The first three months of my interim CIO engagement at University Hospitals have flown by. I’m fortunate to be working with a very talented IT team, and we recognize there is always room for improvement. We have already made some very positive changes and improvements. We are tightening up how we manage and monitor the production environment to reduce preventable incidents. We do a root cause analysis on every major incident and review them as a team at our bi-weekly leadership meeting, tracking all subsequent action items. We are making progress on numerous major priority projects and there have been several system upgrades and go-lives during this period. We are doing detailed planning for our new hospital integration efforts. We are launching our visual management board and leadership huddle next week as part of our lean efforts. And we have re-established an executive level IT steering committee addressing the critical need for IT governance.
Our third IT steering committee will be Monday evening. Our CEO and other senior executives are engaged — exactly what we needed. They are developing a deeper understanding of our current work and the many new requests we have received since this year’s budget was approved. We have reviewed with them how our work aligns with UH strategic goals and ranked the projects in relative priority order.

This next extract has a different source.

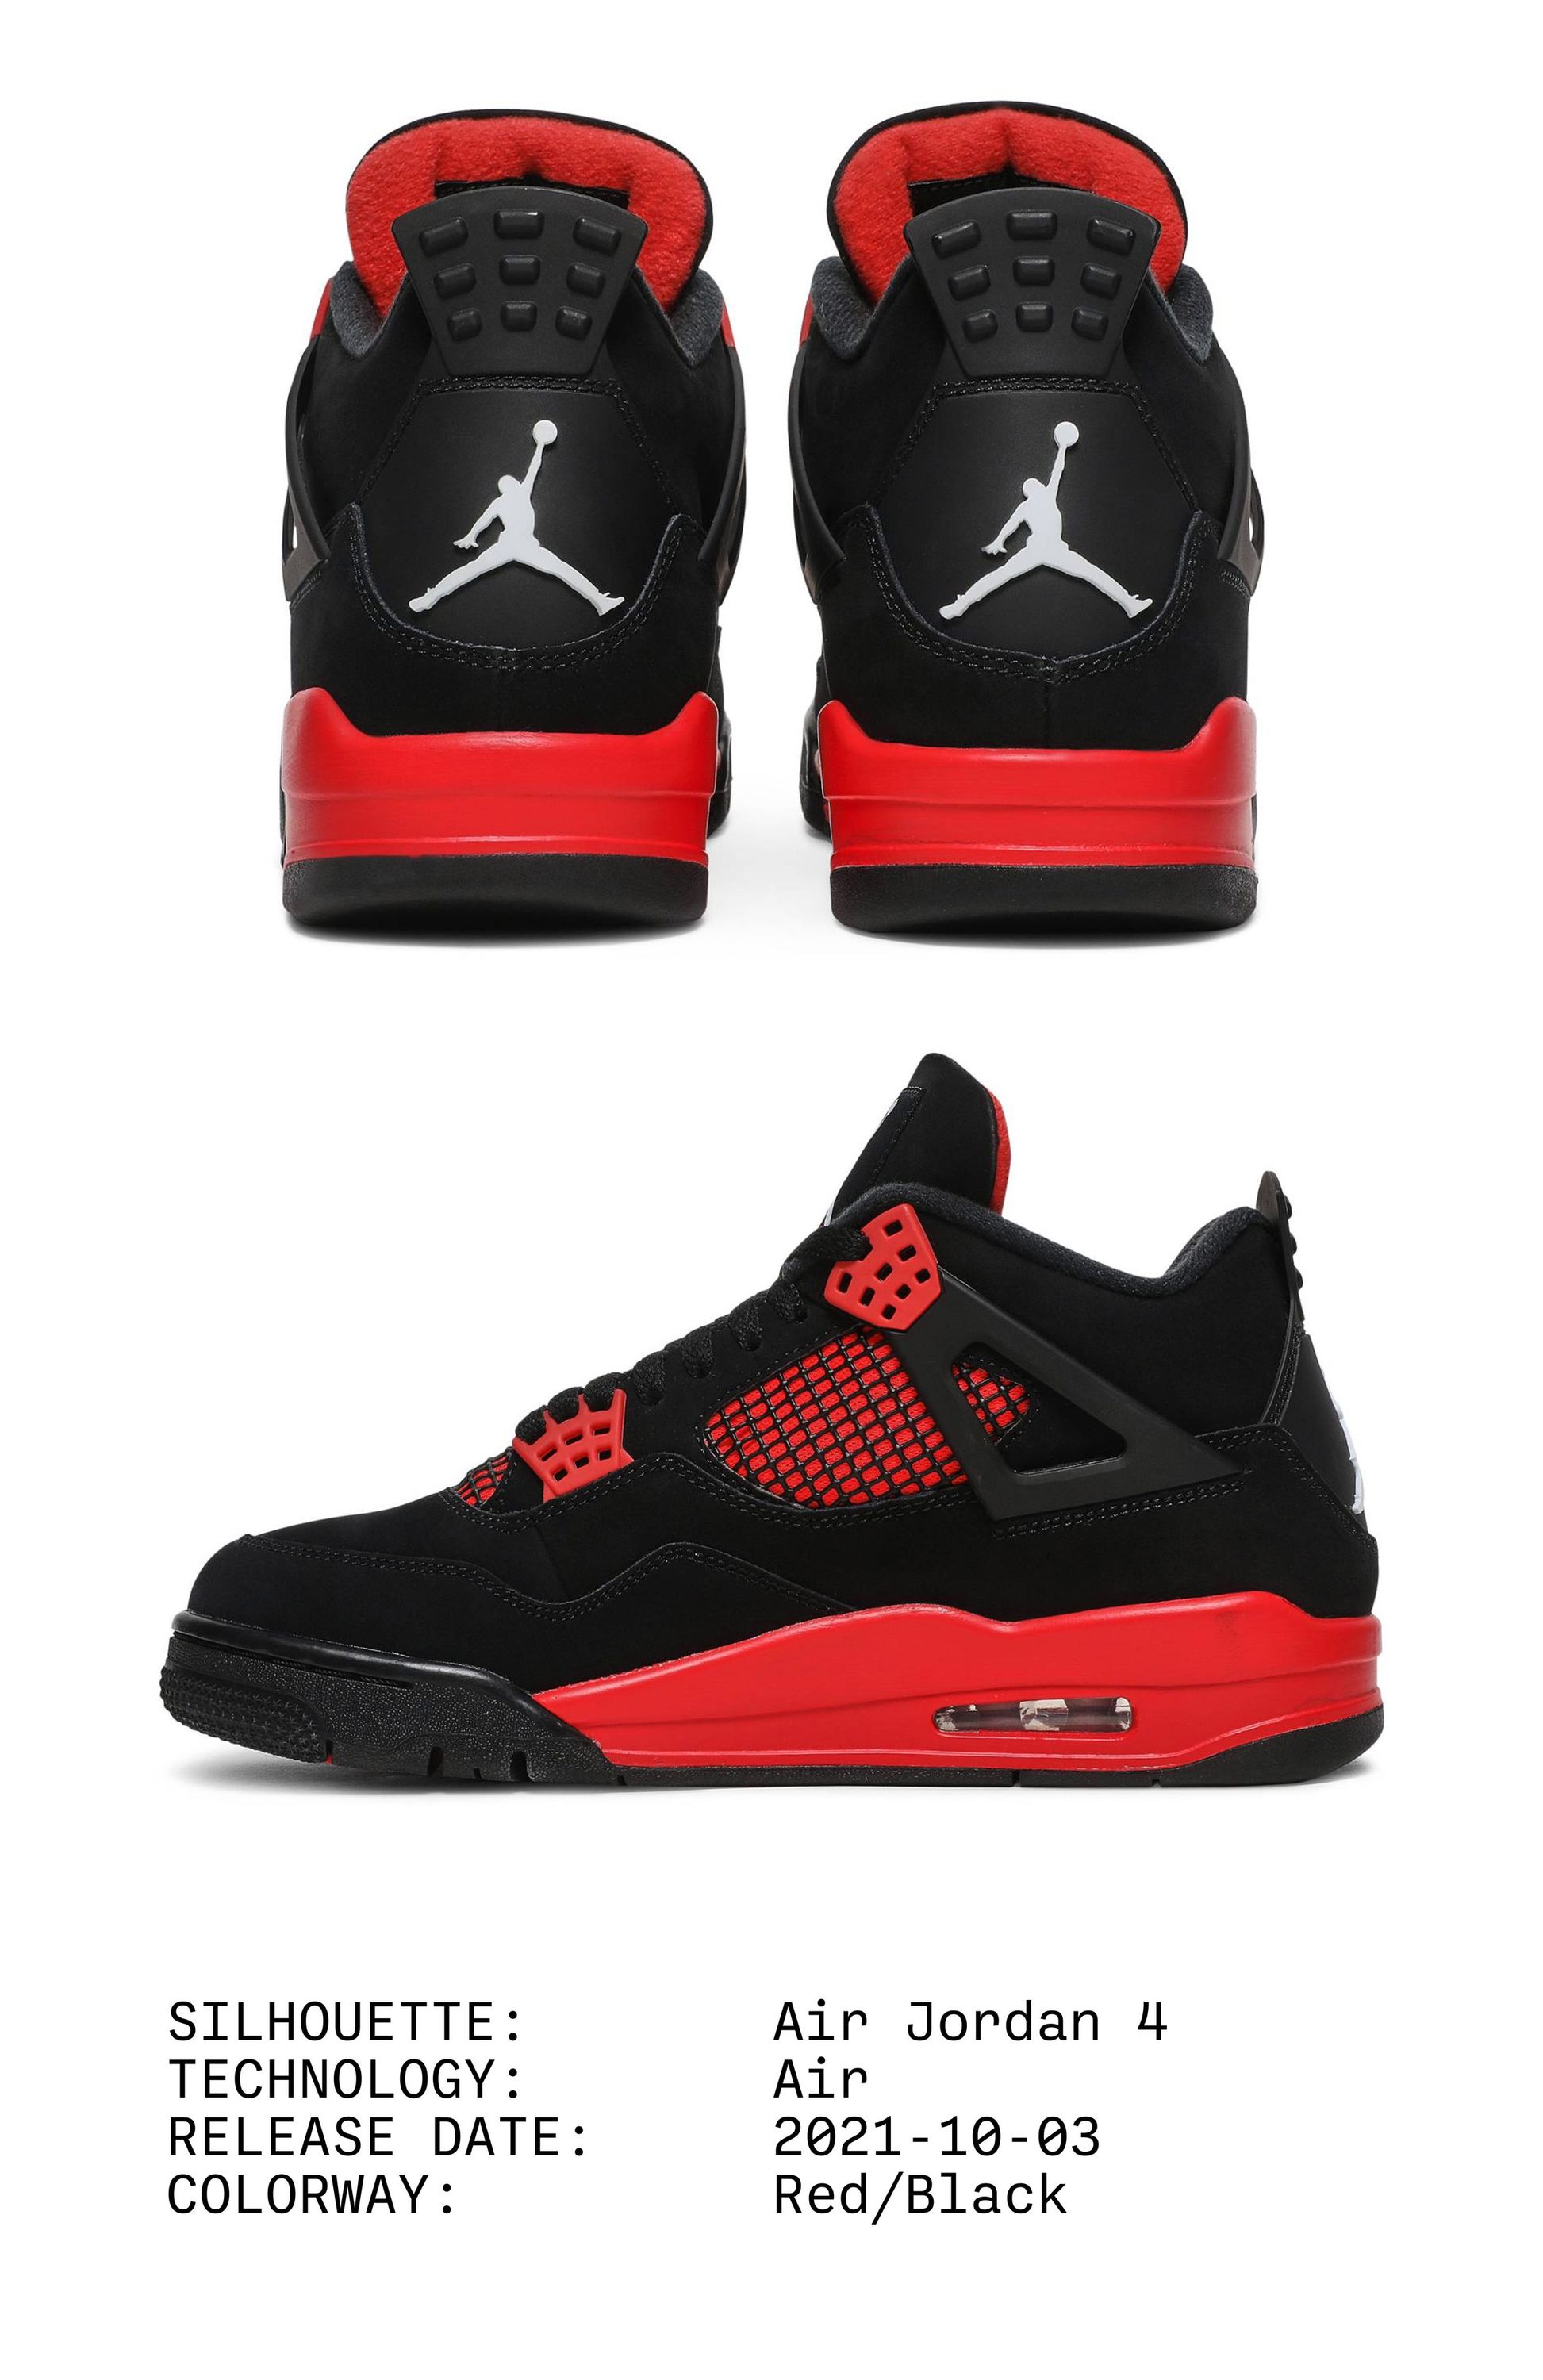 Best batches for these jordan 4s not budget. unc,red thunder and

At the upcoming meeting, we will discuss our strategy for new hospital integration. In particular, we will look at the impact of system-wide requests before all hospitals are on the core systems. And we will look closely at the new requests — why are they needed this year and how do they align with UH strategy.
There is an insatiable demand for IT at UH, just like at every other organization I’ve worked for. But the “yes machine” can’t continue unless there are tradeoffs. IT leadership teams appreciate it when executives say “it’s OK to say no,” and that “there can’t be back doors and end-runs when something is not approved.” And that approving new projects at this stage in the year means making tradeoffs — something has to come off the list or get pushed down to make time for a new project.
The scope of responsibilities for our executive IT steering committee is not unique or earth shaking; it is the basics you would expect to see:
- Primary governing body for IT strategy and operations
- Communication ambassador for IT
- Planning for future initiatives and direction
- Balance conflicting priorities
- Guidance on specific projects as needed
- Approve unplanned projects
- Provide input and oversight on IT policies
Basic but needed. One of the 4 questions I asked in every executive meet and greet session was: how can I have the greatest impact as an interim? IT governance was a common response. Just over three months on the job and we are having our third steering committee. I listened, and they were ready. For a CIO, that’s a good place to be.